In the entries that follow, which lines hold the string "madera"? List them.

(Dataset excerpts)

::::::::::

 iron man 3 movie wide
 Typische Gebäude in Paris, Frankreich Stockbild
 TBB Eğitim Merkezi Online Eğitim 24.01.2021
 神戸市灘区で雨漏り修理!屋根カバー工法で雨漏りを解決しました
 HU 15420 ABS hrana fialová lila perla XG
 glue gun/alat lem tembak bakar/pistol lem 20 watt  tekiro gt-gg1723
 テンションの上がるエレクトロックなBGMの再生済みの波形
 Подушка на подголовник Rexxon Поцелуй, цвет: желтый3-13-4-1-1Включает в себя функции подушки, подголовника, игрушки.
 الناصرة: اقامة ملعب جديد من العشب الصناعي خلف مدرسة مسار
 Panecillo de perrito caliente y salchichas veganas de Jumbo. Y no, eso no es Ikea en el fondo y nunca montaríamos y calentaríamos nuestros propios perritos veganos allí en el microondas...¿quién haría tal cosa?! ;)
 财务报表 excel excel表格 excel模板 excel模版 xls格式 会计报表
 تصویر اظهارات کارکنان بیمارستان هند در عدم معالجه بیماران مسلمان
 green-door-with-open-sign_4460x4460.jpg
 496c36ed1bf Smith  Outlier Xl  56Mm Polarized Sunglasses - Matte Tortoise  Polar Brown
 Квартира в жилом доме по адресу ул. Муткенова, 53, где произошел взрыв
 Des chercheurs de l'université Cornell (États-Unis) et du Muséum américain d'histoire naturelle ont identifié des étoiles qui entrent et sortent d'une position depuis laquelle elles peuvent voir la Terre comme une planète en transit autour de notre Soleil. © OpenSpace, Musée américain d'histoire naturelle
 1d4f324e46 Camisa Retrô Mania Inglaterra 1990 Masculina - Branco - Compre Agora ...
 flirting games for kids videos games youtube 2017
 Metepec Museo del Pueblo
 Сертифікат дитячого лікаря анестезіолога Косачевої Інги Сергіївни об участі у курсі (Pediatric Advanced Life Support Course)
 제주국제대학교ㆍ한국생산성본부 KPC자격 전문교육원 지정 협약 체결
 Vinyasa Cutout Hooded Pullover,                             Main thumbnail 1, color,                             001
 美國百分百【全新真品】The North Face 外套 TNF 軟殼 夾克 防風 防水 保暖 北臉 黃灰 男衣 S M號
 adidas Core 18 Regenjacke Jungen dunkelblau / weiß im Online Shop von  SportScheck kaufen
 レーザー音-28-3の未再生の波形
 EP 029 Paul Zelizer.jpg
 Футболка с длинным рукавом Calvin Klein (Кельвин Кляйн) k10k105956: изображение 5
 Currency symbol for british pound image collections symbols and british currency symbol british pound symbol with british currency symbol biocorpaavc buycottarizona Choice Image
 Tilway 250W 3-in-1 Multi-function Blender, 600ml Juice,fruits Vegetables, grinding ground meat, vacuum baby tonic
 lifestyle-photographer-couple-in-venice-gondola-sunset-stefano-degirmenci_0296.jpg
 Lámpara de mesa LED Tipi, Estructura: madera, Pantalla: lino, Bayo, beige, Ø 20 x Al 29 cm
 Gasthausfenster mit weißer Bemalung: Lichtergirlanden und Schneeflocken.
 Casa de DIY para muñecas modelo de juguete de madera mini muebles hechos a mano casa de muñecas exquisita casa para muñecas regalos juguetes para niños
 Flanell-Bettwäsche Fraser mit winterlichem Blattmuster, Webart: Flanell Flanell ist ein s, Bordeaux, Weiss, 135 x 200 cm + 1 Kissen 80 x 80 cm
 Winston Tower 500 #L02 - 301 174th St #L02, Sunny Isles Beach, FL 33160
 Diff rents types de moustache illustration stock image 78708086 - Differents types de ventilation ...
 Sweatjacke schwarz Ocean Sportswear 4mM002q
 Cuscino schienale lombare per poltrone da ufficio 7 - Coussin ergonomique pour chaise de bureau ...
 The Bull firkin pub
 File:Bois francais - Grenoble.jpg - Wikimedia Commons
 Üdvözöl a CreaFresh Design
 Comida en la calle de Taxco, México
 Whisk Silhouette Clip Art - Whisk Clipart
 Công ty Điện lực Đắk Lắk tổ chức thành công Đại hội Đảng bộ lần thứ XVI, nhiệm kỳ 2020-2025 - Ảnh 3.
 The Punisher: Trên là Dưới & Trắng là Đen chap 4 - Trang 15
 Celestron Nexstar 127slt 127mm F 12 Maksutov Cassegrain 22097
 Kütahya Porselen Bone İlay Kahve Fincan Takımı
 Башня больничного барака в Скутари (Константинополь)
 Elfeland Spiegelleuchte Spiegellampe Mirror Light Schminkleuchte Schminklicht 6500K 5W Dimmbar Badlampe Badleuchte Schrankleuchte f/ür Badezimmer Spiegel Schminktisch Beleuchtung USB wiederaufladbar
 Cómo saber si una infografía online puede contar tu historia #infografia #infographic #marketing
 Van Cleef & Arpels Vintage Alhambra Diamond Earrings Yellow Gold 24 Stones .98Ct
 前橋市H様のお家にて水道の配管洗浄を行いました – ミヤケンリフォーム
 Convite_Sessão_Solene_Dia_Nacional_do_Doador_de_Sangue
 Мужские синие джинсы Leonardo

::::::::::

**Exercise result**
 Lámpara de mesa LED Tipi, Estructura: madera, Pantalla: lino, Bayo, beige, Ø 20 x Al 29 cm
 Casa de DIY para muñecas modelo de juguete de madera mini muebles hechos a mano casa de muñecas exquisita casa para muñecas regalos juguetes para niños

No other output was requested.